While not sufficient alone, the ALJ also made the credibility determination based on the Plaintiff's reported improvement with treatment, which the Court now turns to.

b. Improvement with Treatment

Again the ALJ stated the following regarding Plaintiff's reaction to medication:

She continued to treat with Dr. Watrous over the following years, who noted the claimant's variable pain symptoms, but she was generally well managed on a variety of pain medications and steroids. Throughout her treatment with Dr. Watrous, physical examinations generally demonstrated mild to moderate joint tenderness with only mild swelling on occasion, and no significant redness, effusion, or loss of motion. While Dr. Watrous appreciated some moderate tenderness in the fibromyalgia points on occasion, she reported only intermittently flaring fibromyalgia symptoms and generally good response to oral and injected medications. Over the years, the claimant reported increasing pain or decreasing efficacy of her medications, requiring adjustments or new prescriptions. However, even though the claimant reported ongoing pain, she admitted her pain symptoms were typically well managed, at 80% or better pain relief, with medications. (Exhibits C1F, C4F, C5F, C6F).
(AR 24-25.) The ALJ also stated in another portion of the opinion that the RC was supported by the objective medical evidence as well as by the fact that “she admitted to generally good control with medications.” (AR 27-28.)

Above, the Court reviewed and summarized the records pertaining to relief from pain medication. (See AR 402 (clinically stable on 7/15/2015), AR 429 (fibromyalgia clinically stable on 10/26/2015), AR 398 (clinically stable on pain medications on 6/13/2016), AR 406 (same on 7/13/2016), AR 409 (same on 8/16/2016), AR 416-17 (same on 2/15/2017), AR 712 (relief at 70% on 10/11/2017), AR 698 (relief at 50% on 10/25/2017), AR 709 (relief from pain therapies was 80% on 2/7/2018), AR 726 (relief at 60% on 2/21/2018), AR 715 (65% on 4/4/2018), AR 639 (80% on 6/6/2018), AR 648 (80% on 7/5/2018, AR 719 (75% on 9/18/2018), AR 653 (80% on 11/1/2018), AR 659 (65% on 12/4/2018), AR 665 (80% on 1/8/2019).)

The Court notes that the ALJ specifically stated Plaintiff “admitted her pain symptoms were typically well managed, at 80% or better pain relief, with medications.” (AR 25 (emphasis added).) The Court's review only found the maximum reported relief to be 80% within the records.
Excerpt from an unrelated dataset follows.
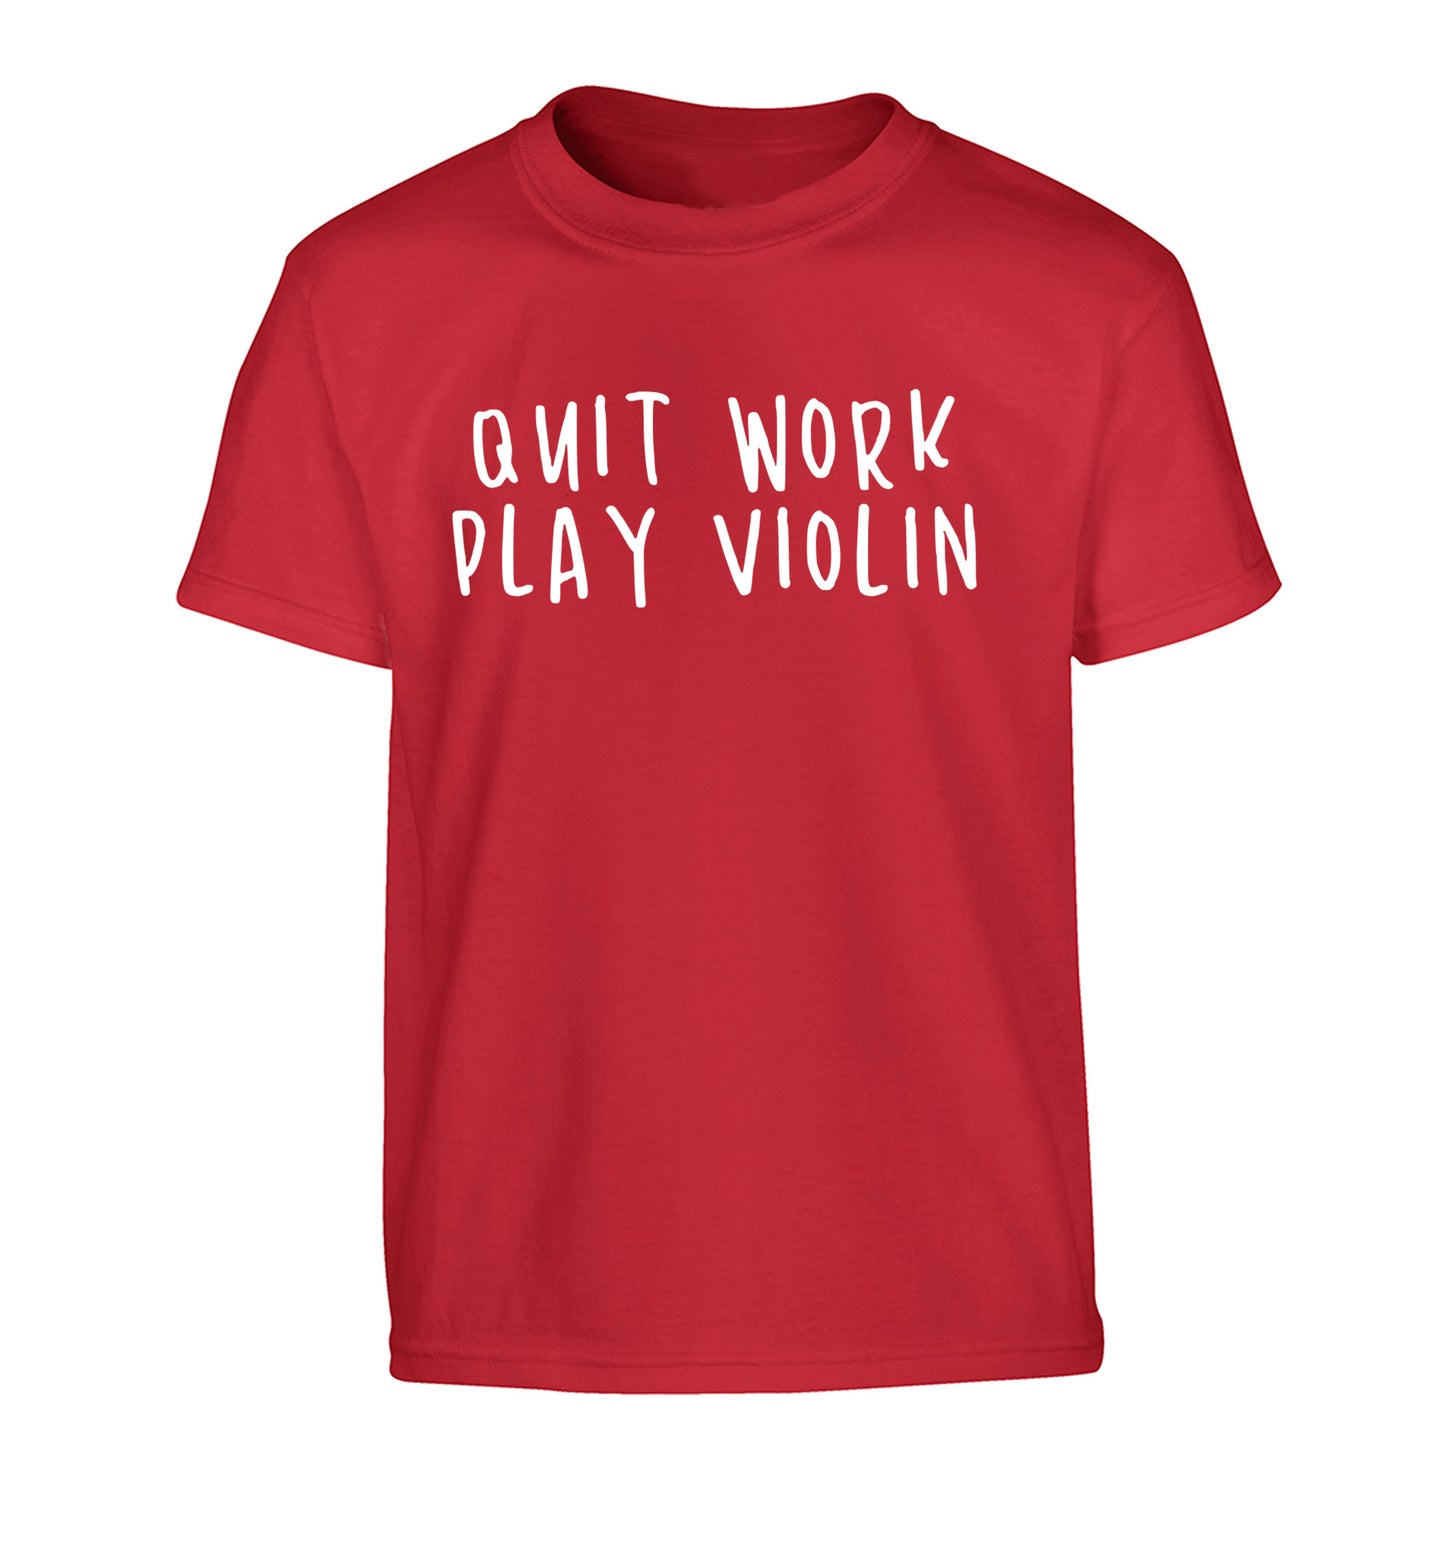 Quit work play violin Children's red Tshirt 12-13 Years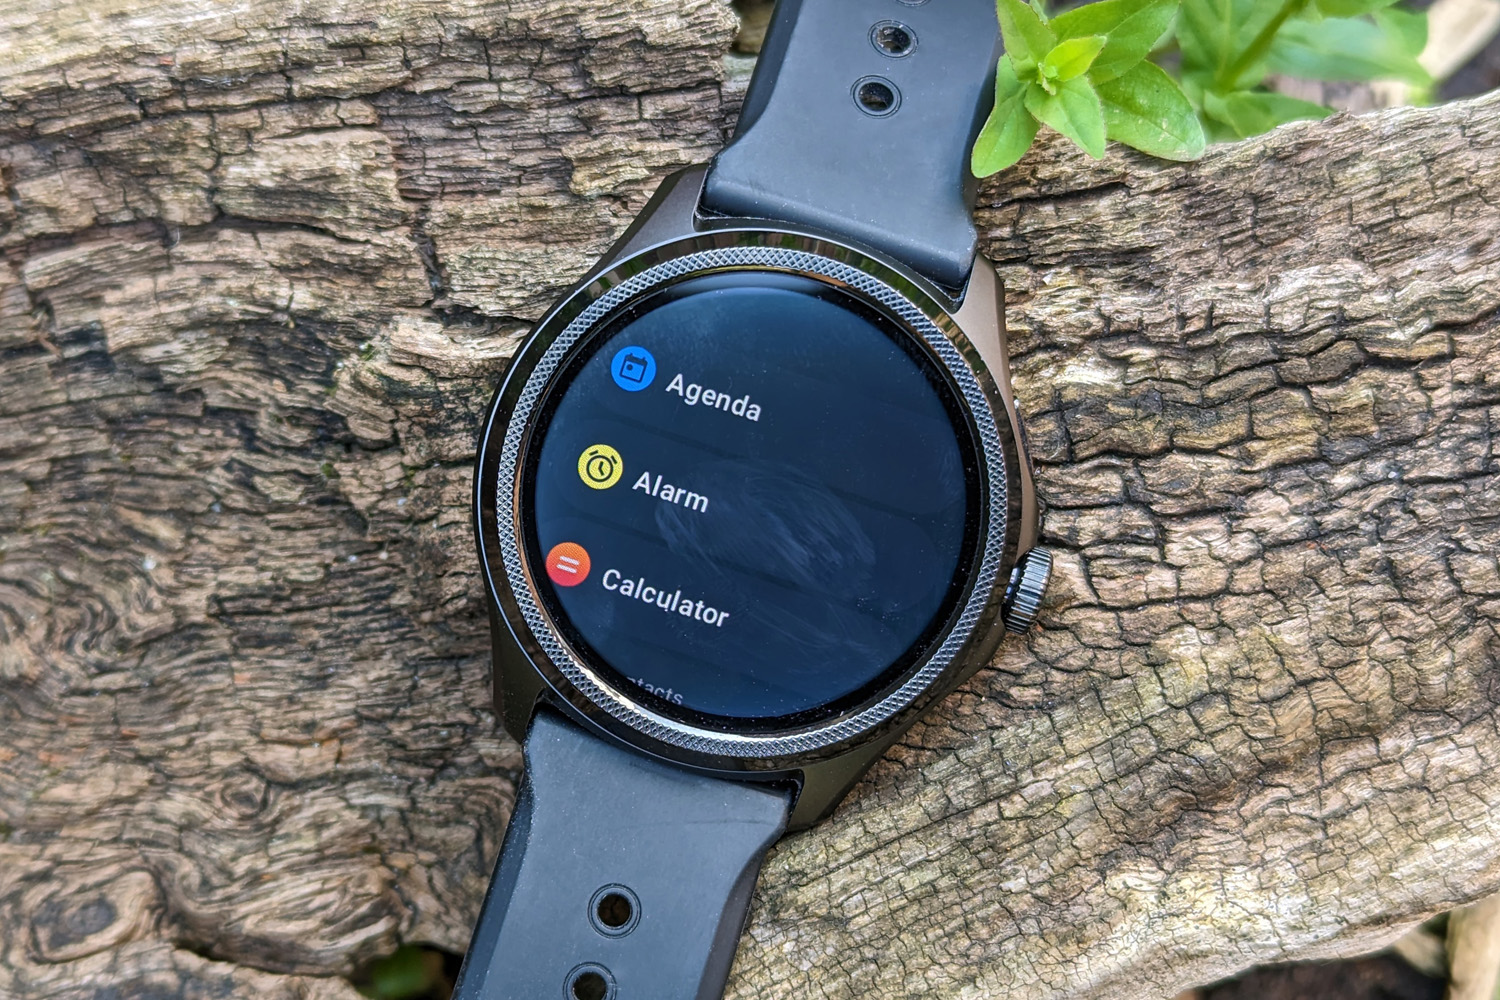 Ticwatch Pro 5 Android Smartwatch for Men Snapdragon W5+ Gen 1 Platform  Wear OS Smart Watch 80 Hrs Long Battery, Black

Defendant's brief appears to gloss over this potential error stating: “the ALJ noted that Plaintiff reported consistent improvement from medications, with up to 80% relief of symptoms.” (Opp'n 12 (emphasis added).) Given this statement in briefing, it does not appear the Court overlooked any records where the relief was indeed reported to be above 80%. Defense counsel is advised that if this glossing over was intentional, counsel and the Court would be far better served by highlighting such errors in briefing, rather than leaving the Court to determine such accuracy or omission, and presenting an argument why such error is harmless, which the Court does find.

Accordingly, while the relief was actually reported as low as 50%, Plaintiff did repeatedly report significant relief up to 80% from pain medications between February of 2018 and January of 2019, including multiple instances of 80%. The Court finds the ALJ's finding that Plaintiff's pain was reported to be well-managed and improved with medication to be a clear and convincing reason based on substantial evidence in the record to reject the pain testimony. Proctor v. Comm'r of Soc. Sec. Admin., No. CV-19-05503-PHX-MTL, 2020 WL 6796767, at *7 (D. Ariz. Nov. 19, 2020) (“The ALJ pointed to medical exams that show medications have improved or controlled Plaintiff's functioning and pain [including one report of pain control and improving quality of life at least 30% and 50% in another report] . . . the ALJ's reason for discounting Plaintiff's testimony on this basis is supported by substantial evidence and is adequately specific, clear, and convincing.”); Lapuzz v. Berryhill, 740 Fed.Appx. 596, 597 (9th Cir. 2018) (“effectiveness of medication is a clear and convincing reason to discredit claimant testimony”) (citing Tommasetti, 533 F.3d at 1039-40); Warre v. Comm'r of Soc. Sec. Admin., 439 F.3d 1001, 1006 (9th Cir. 2006) (“Impairments that can be controlled effectively with medication are not disabling for the purpose of determining eligibility for SSI benefits.”); Wellington v. Berryhill, 878 F.3d 867, 876 (9th Cir. 2017) (“evidence of medical treatment successfully relieving symptoms can undermine a claim of disability.”); Orteza v. Shalala, 50 F.3d 748, 750 (9th Cir. 1995) (“Factors that the adjudicator may consider when making such credibility determinations include the claimant's daily activities, inconsistencies in testimony, effectiveness or adverse side effects of any pain medication, and relevant character evidence.”).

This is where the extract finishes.